Eighteen area restaurants will feature a special menu priced at $10, $20 or $30 (drinks, taxes and gratuities are not included unless specified) during the week of Jan. 29 through Feb. 4 with a portion of proceeds donated to Leadership Toledo.
Participating restaurants include Bar 145, The Blarney Irish Pub, Bobby V’s American Grill, Burger Bar 419, Caper’s Restaurant and Bar, Dégagé Jazz Café, Fifi’s Reprise Restaurant and Lounge, The Hungry I, ICE Restaurant and Bar, LaScola Italian Grill, Manhattan’s, Plate 21, Poco Piatti, Rockwell’s, Rosie’s Italian Grille, Spicy Tuna Sushi Bar and Grill, Tea Tree Asian Bistro and Ventura’s Mexican Restaurant.

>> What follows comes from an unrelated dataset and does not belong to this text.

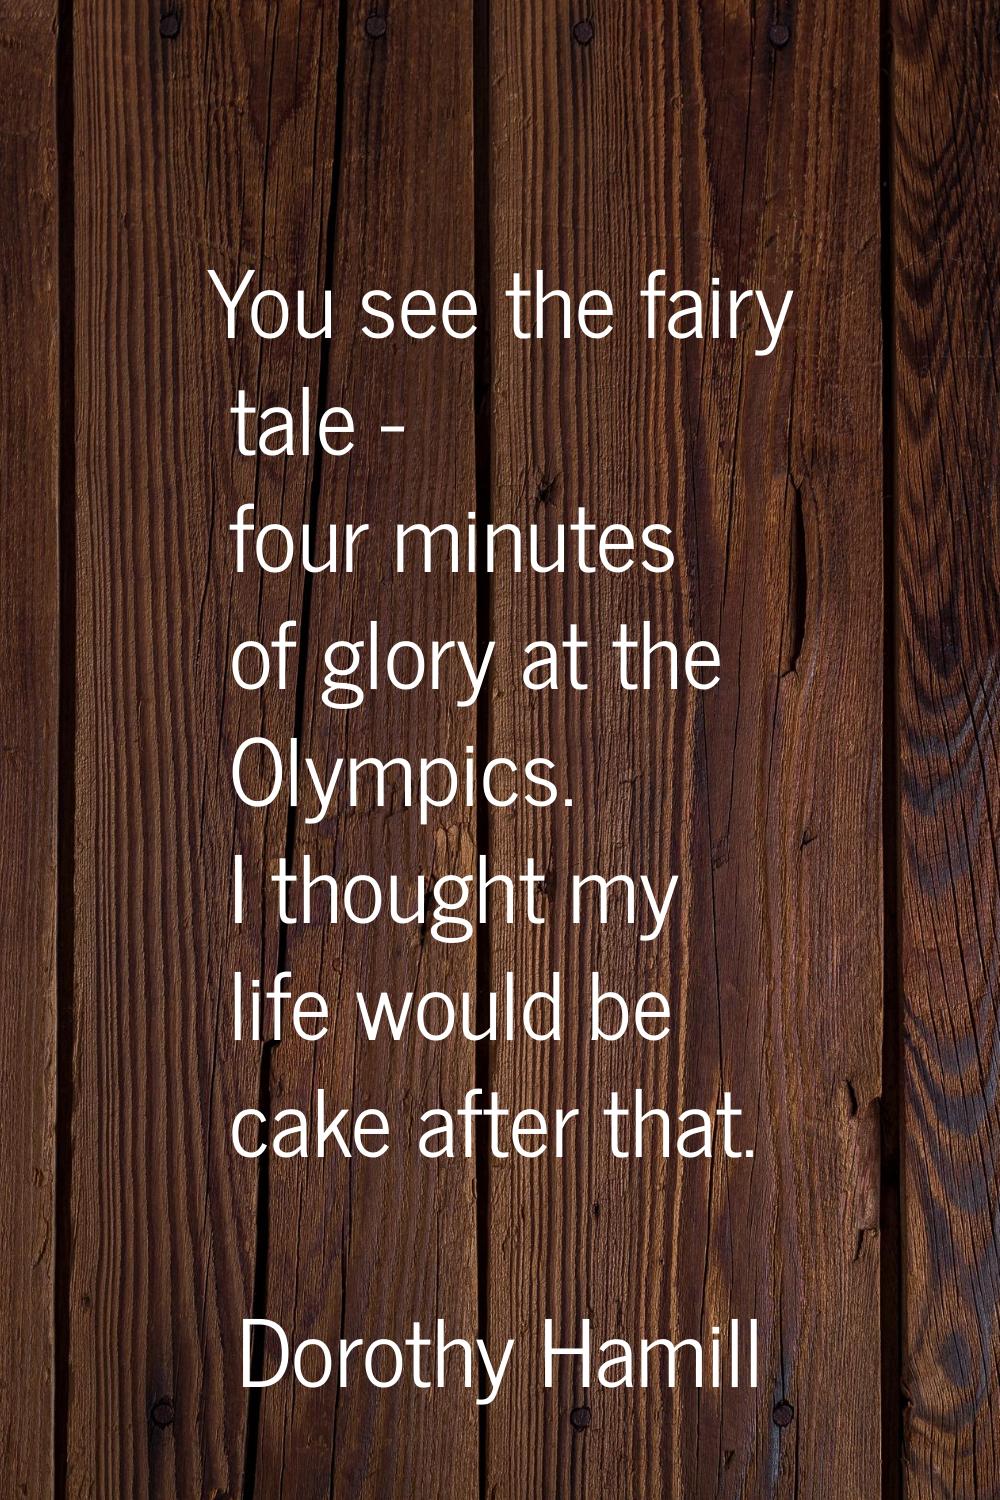 You see the fairy tale - four minutes of glory at the Olympics. I thought my life would be cake aft
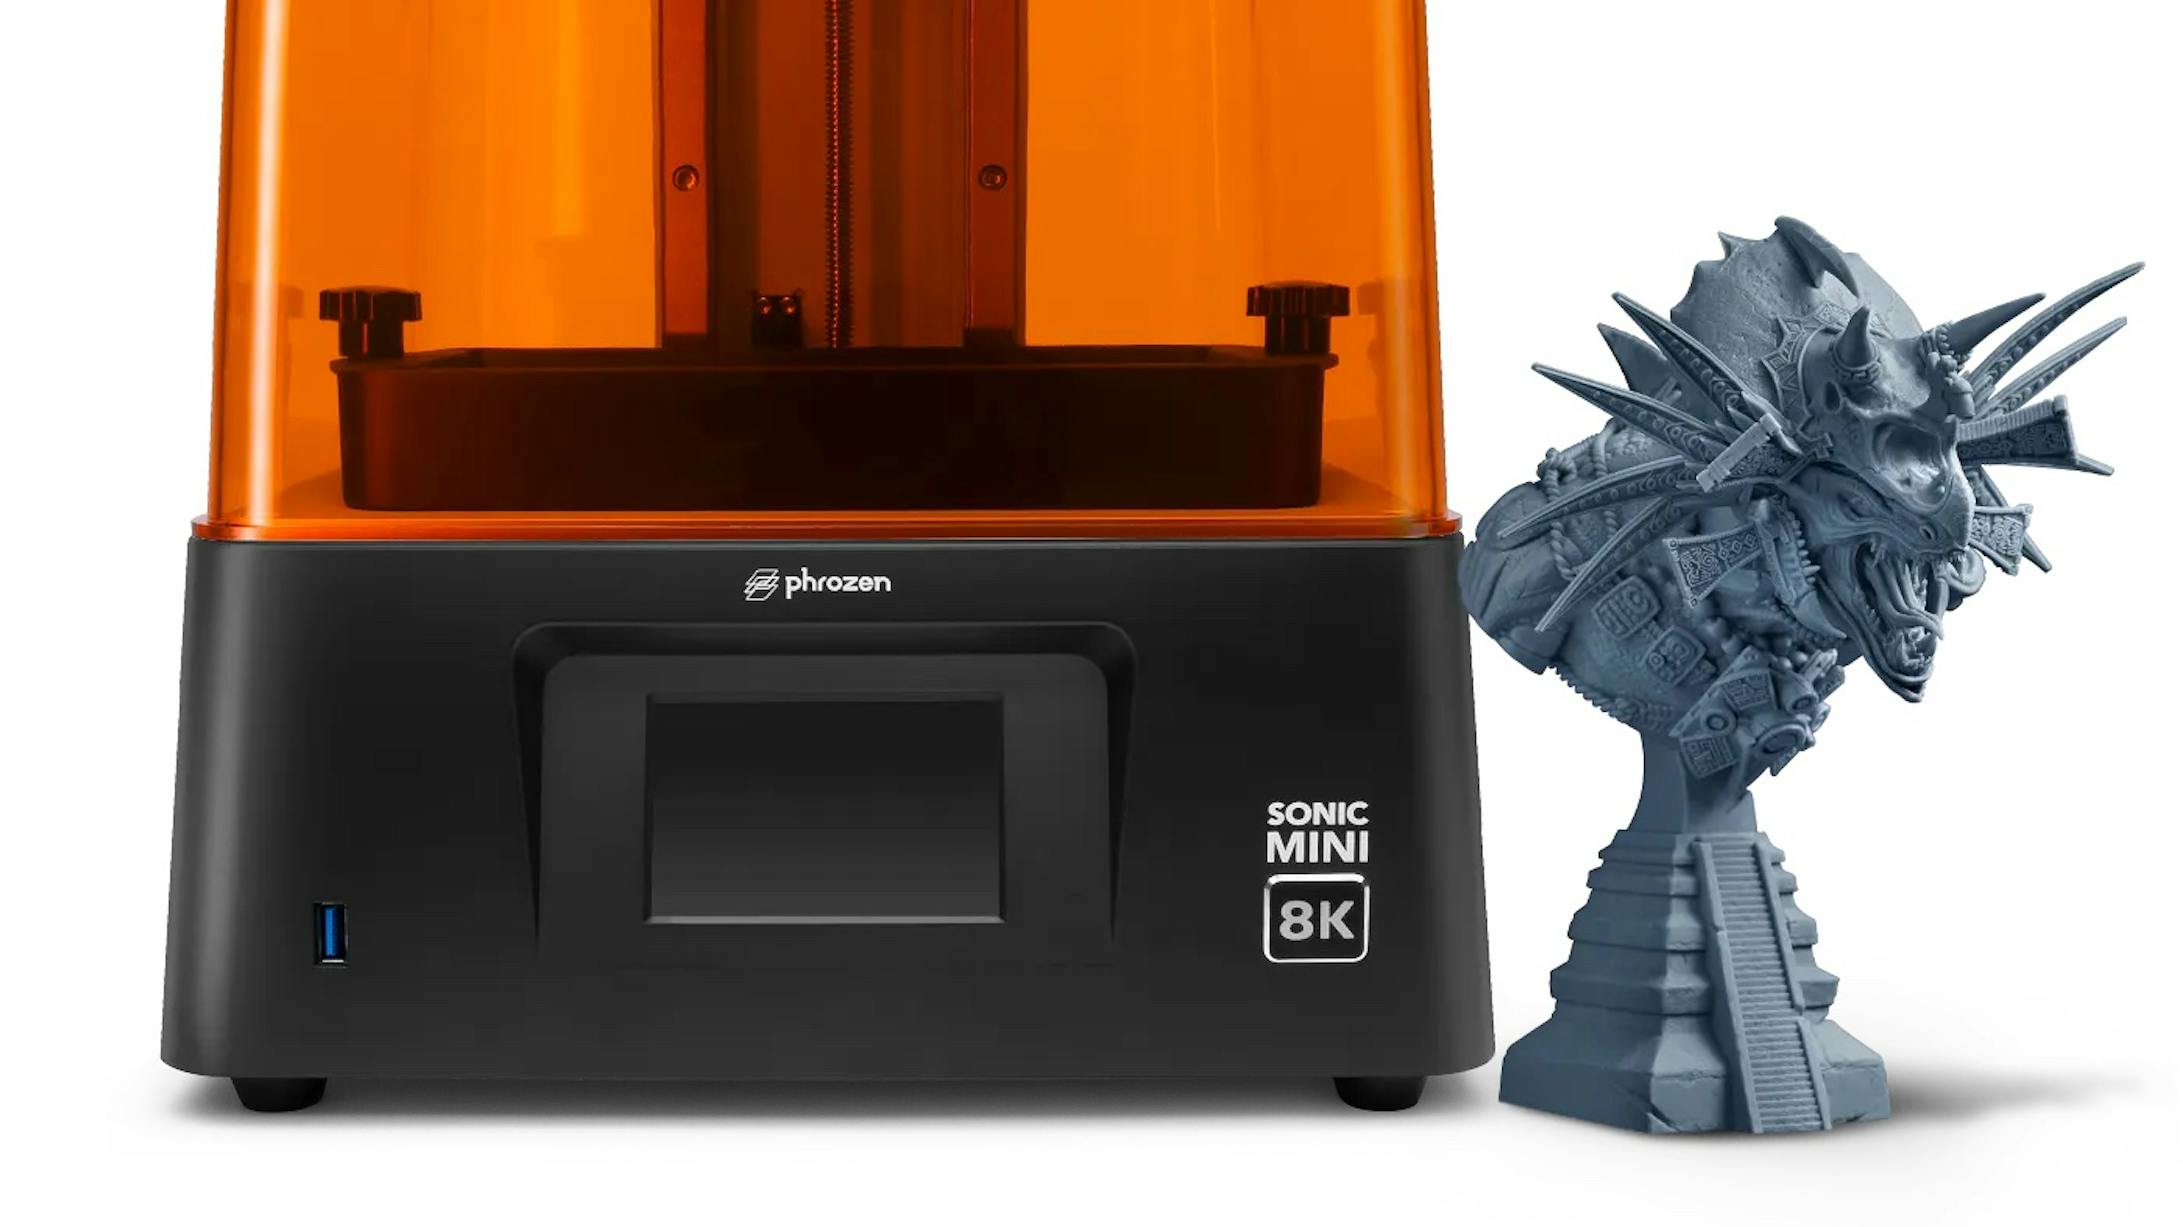 Phrozen 8k Colored Resin Review for Miniatures Like Warhammer

Schlaudecker said watching the awards ceremony at Glass City Academy ranks among his favorite recent examples of Leadership Toledo’s impact in the community.
“That was one of the most amazing things I’ve ever been a part of,” Schlaudecker said. “These two girls, who had never had any recognition in their lives, got recognized and rewarded for their volunteering. They were unsung heroes. All the other students were there. That’s how we really believe people get motivated to go out and serve.”
Jesse said he already sees a difference in the attitude of other students toward service hours.
“It’s not every day somebody at your school gets this type of honor,” Jesse said. “They have seen that and they want to be a part of that. They also see the transformation of the young ladies. They see these two are doing wonderful things. They see how that affects them positively and they see it affects everyone around them positively. Our kids don’t even argue about volunteering anymore; they just want to do it. So I’m very happy that what these two have started will be able to continue.”
Urban said she coaches because she wants to offer a positive influence and help keep the girls from making the same mistakes she did.
“I do it to keep my girls out of trouble. That was my main thing,” Urban said. “I loved [receiving the award] because I think my girls can want to do what I’m doing in the future and maybe they could be acknowledged too and have a moment of fame too. I don’t know if any of them heard about it, but if they did they’re gonna be proud of me.”
Clark said she enjoyed the opportunity to show volunteering can be cool.
“I was happy I received the award so people at Glass City and people that see it on the news can see you don’t have to be a square or lame to do volunteer work. Be yourself. You don’t have to think what other people think,” Clark said. “Volunteering is important because it’s kids who are starting to get older and see what’s going on around them.”
Leadership Toledo’s third youth program, Youth in Philanthropy Encouraging Excellence (YIPEE), is funded by the Toledo Community Foundation. The nine-month program is for high school juniors and seniors who participated in Youth Leadership Toledo as sophomores. The students learn to raise money, which they then allocate to local nonprofits.
Leadership Toledo also operates a nine-month leadership training program for adults.